NPR, one of the media organisations frequently used by the SPLC to spout its propaganda, reported on the indictments and was forced to publish what it never reported on itself – that is that the SPLC funded the very organisations it painted as grave threats to American life.
“For decades, the Southern Poverty Law Center has been known for tracking hate groups. On Tuesday, the Justice Department announced federal criminal charges against the nonprofit in connection with its use of paid informants to infiltrate extremist groups,” NPR host Michel Martin said.
She then asked NPR justice correspondent Ryan Lucas to “remind us of what the SPLC does”.
Lucas: “So the Southern Poverty Law Center – it’s also known as the SPLC. It’s a 55-year-old civil rights organization. It has a storied history. It’s based in Montgomery, Alabama. It started out as a law center doing a lot of civil rights work, trying to help end the vestiges of the Jim Crow era in the South. And its work later expanded to monitoring white supremacist groups, hate groups – including the KKK – and extremist groups more broadly.”
So the picture is painted of a “non-profit organisation that has been fighting for civil rights for 55 years and that tracks “hate groups”. How noble. What could the Trump DOJ possibly have against them?
NPR went on to detail the charges and then reported on SPLC’s response: “…the nonprofit’s CEO, Bryan Fair, defended the payments made to informants. He says these people risked their lives to infiltrate extremist groups and provide information on their activities.
“It was done to protect SPLC staff, to gather intelligence on violent threats. He said that information was shared with local and federal law enforcement, including the FBI, and he said that information no doubt saved lives. He also said the SPLC will defend its work.”
NPR then aired comments by Fair: “We will not be intimidated into silence or contrition, and we will not abandon our mission or the communities we serve.” Obviously the protestations of a noble champion of social justice! (Excuse the sarcasm).

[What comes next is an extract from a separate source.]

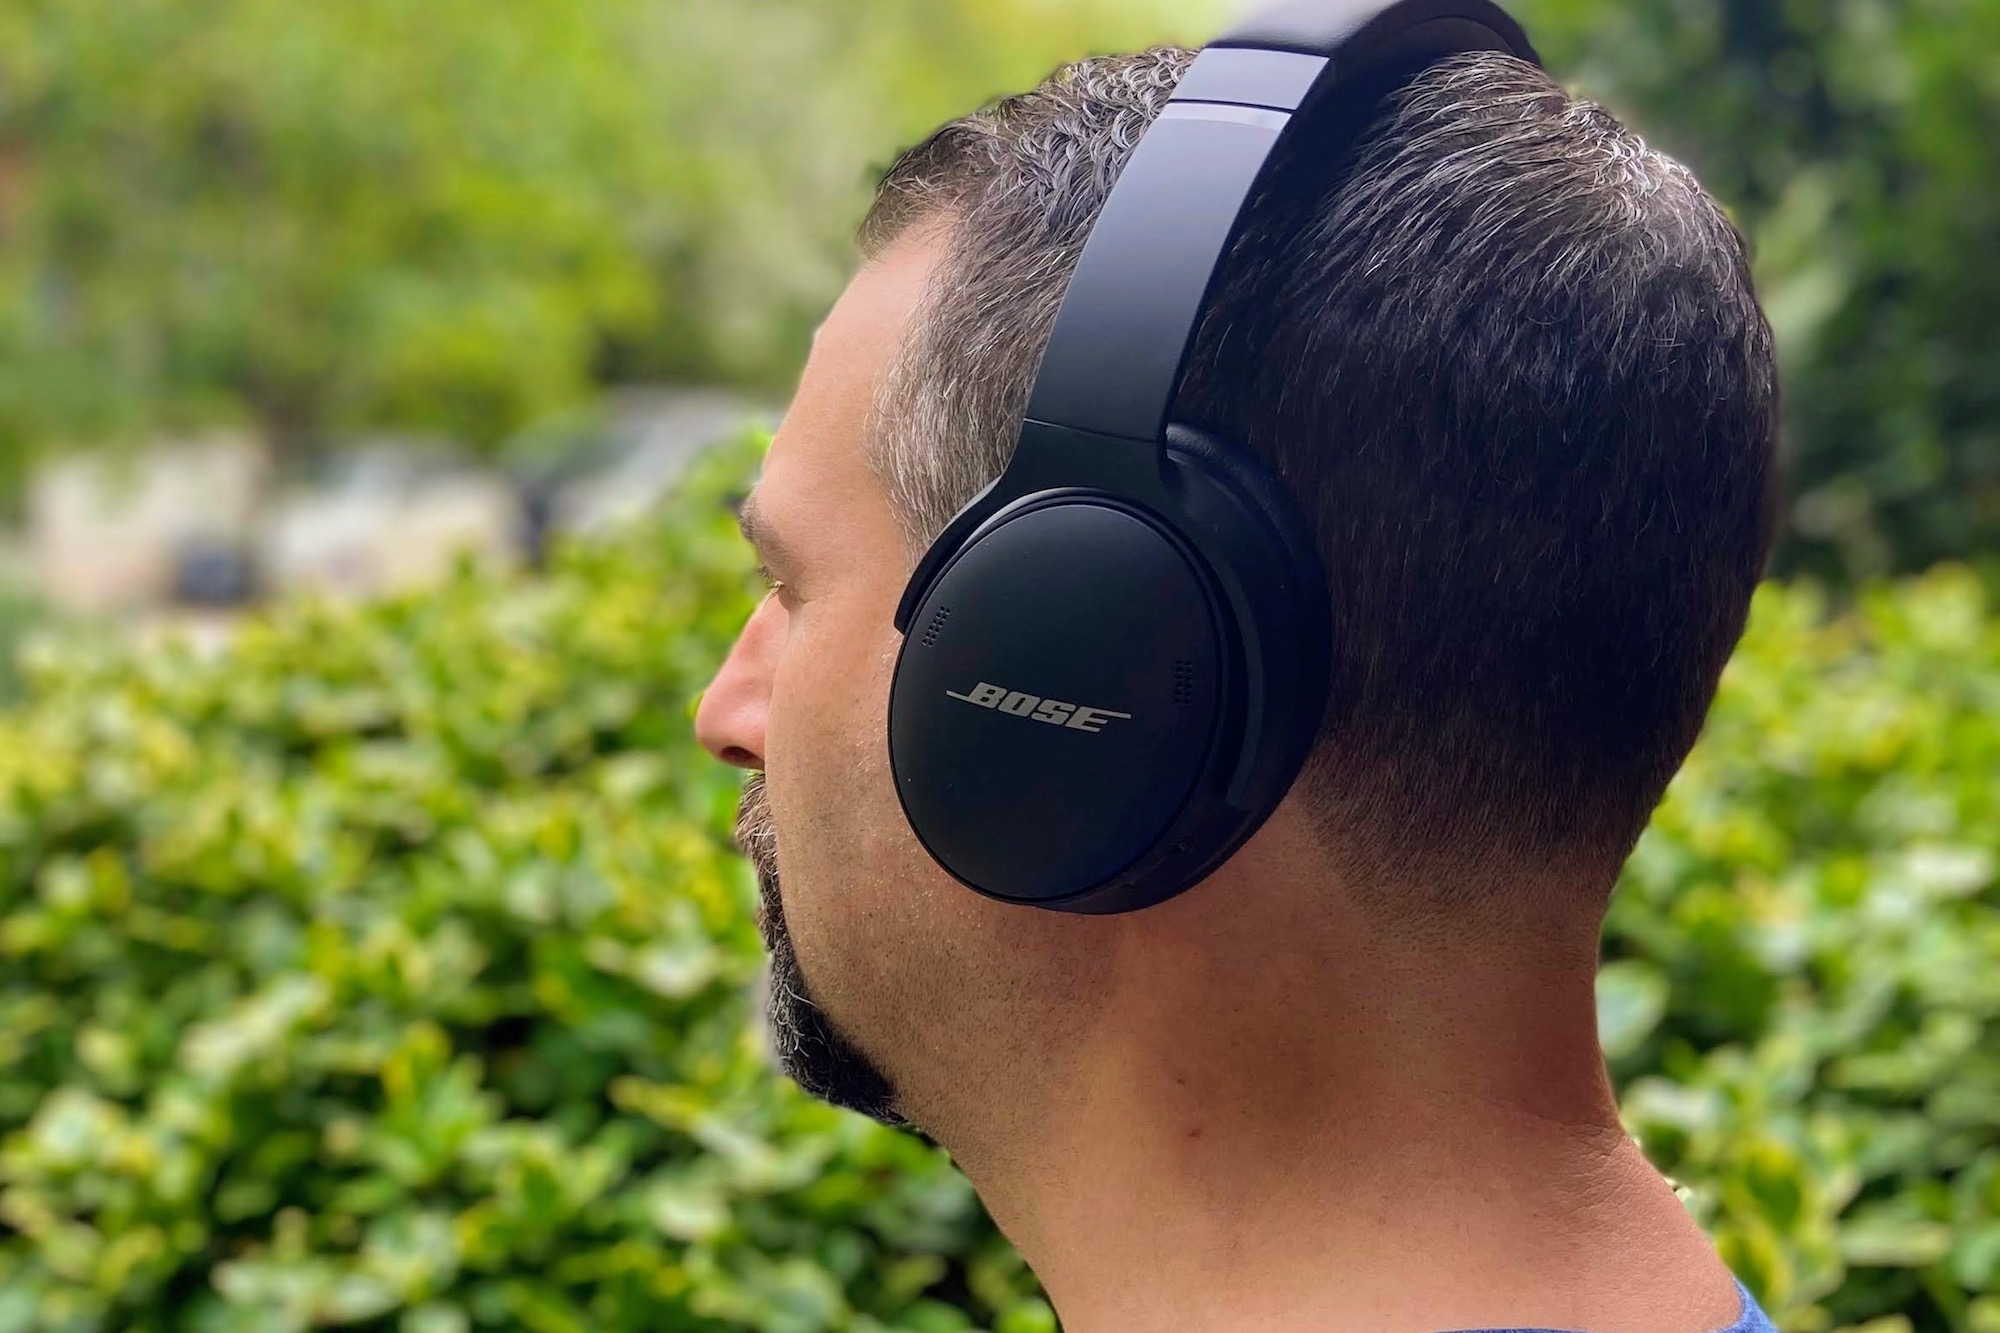 All 3 New Bose Headphones Compared/Reviewed

Lucas: Now, Fair also argued in that video that the SPLC is being targeted for political reasons.
Martin: Well, we’re – and we have seen the Justice Department under this administration go after President Trump’s critics, often at his explicit direction. So what about Fair’s argument that this indictment is political?
Lucas: Well, look. Acting Attorney General Todd Blanche delivered this news at a press conference yesterday. He was asked about concerns about politics in this investigation. Here’s what he said.
Todd Blanche: Well, I mean, look. It’s free from – there is nothing political about this indictment or this investigation.
Lucas: Now, it is no secret, though, that conservatives have been highly critical of the Southern Poverty Law Center for years. They say it unfairly labels conservative organizations. One example they point to is an SPLC report in 2024 that described Turning Point USA – that’s the group, of course, that was started by the right-wing activist Charlie Kirk – described it as a case study of the hard right. And then after Kirk was assassinated last year, the FBI ended a long-running relationship that it had with the Southern Poverty Law Center. And at the time, FBI Director Kash Patel said that the civil rights group had turned into what he called a partisan smear machine. Now, this prosecution, this case, of course, is just getting underway, so we will see how this all plays out in court.
Rhodes said SPLC could probably effectively defend itself with skillful lawyers by arguing that the payments to informants was a necessary security measure.